Behind the mayhem in “Madness” (the title doesn’t make much sense) is a murderous billionaire conspiracy led by an Elon Musk-like character motivated by climate change to promote renewable energy. His evil doers think they are saving the world. Again, not happening. Any such conspiracies are mounted on behalf of fossil fuel.
Then there is the wholly improbable multiracial, Antifa-like “gun commune” where transgender and non-white people are welcome. Underlying all this nonsense is the desire to shift the onus of neo-fascist terrorism from Right to Left: to gay hippies.

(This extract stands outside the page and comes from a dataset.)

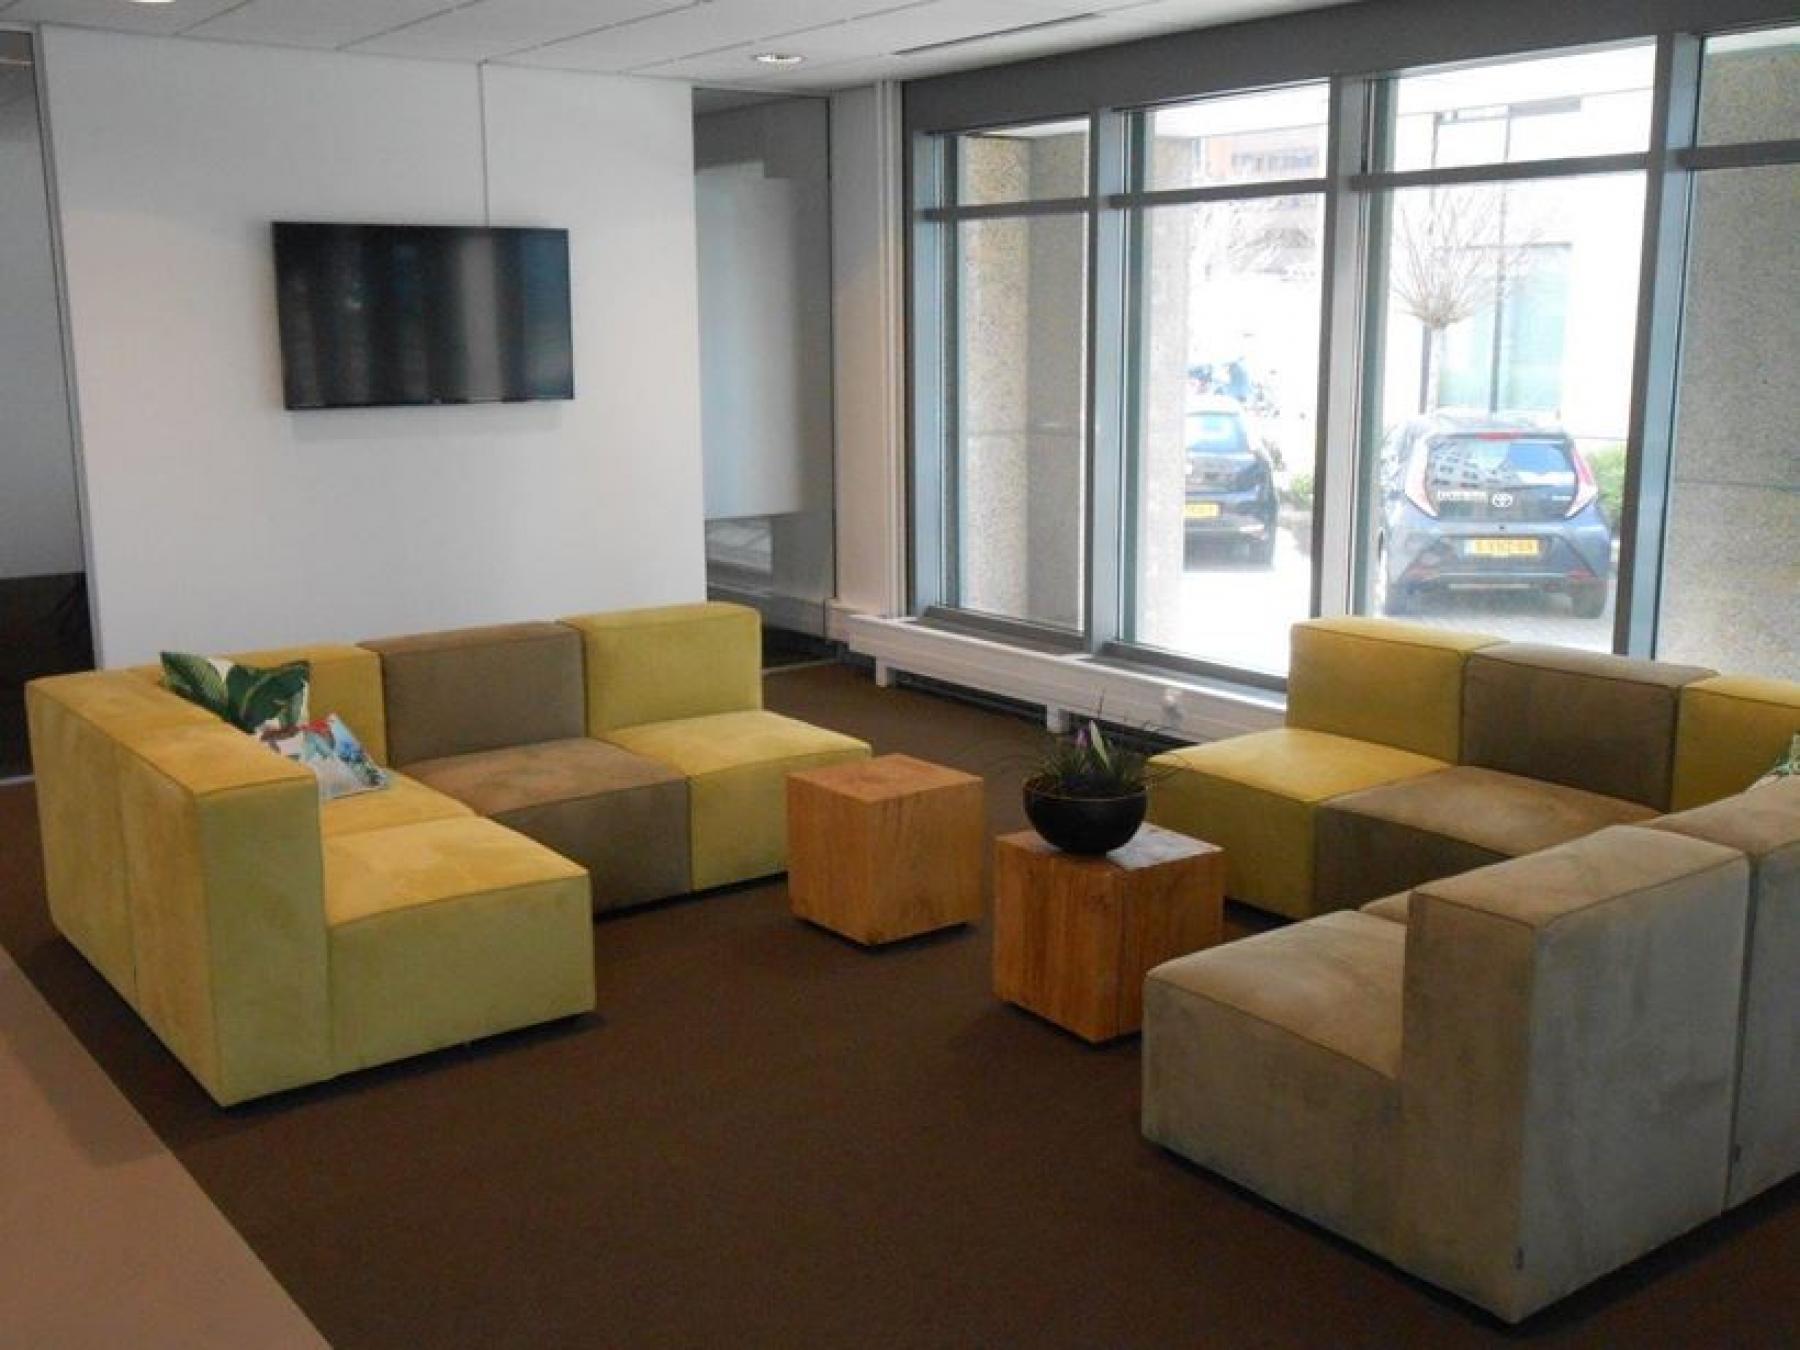 lounge banken tafel televisie loungeruimte amsterdam zuidoost informele setting kantoor

I was thinking that my favorite MAGA television writer Taylor Sheridan was behind this treacle, but apparently not. Notwithstanding the plot absurdities, the series is still absorbing. It’s kind of a redo of “The Fugitive,” but with black and Puerto Rican folks. In that regard, for someone wanted by the various law enforcement agencies, the Domingo seems to get around a lot without being gunned down by the Philadelphia Police Department, that well-known paragon of righteous “protect and serve” practice.
Jimmy Perez! Where are you when we need you?!?!
Had a visit from Marc Grobman yesterday, he says hello.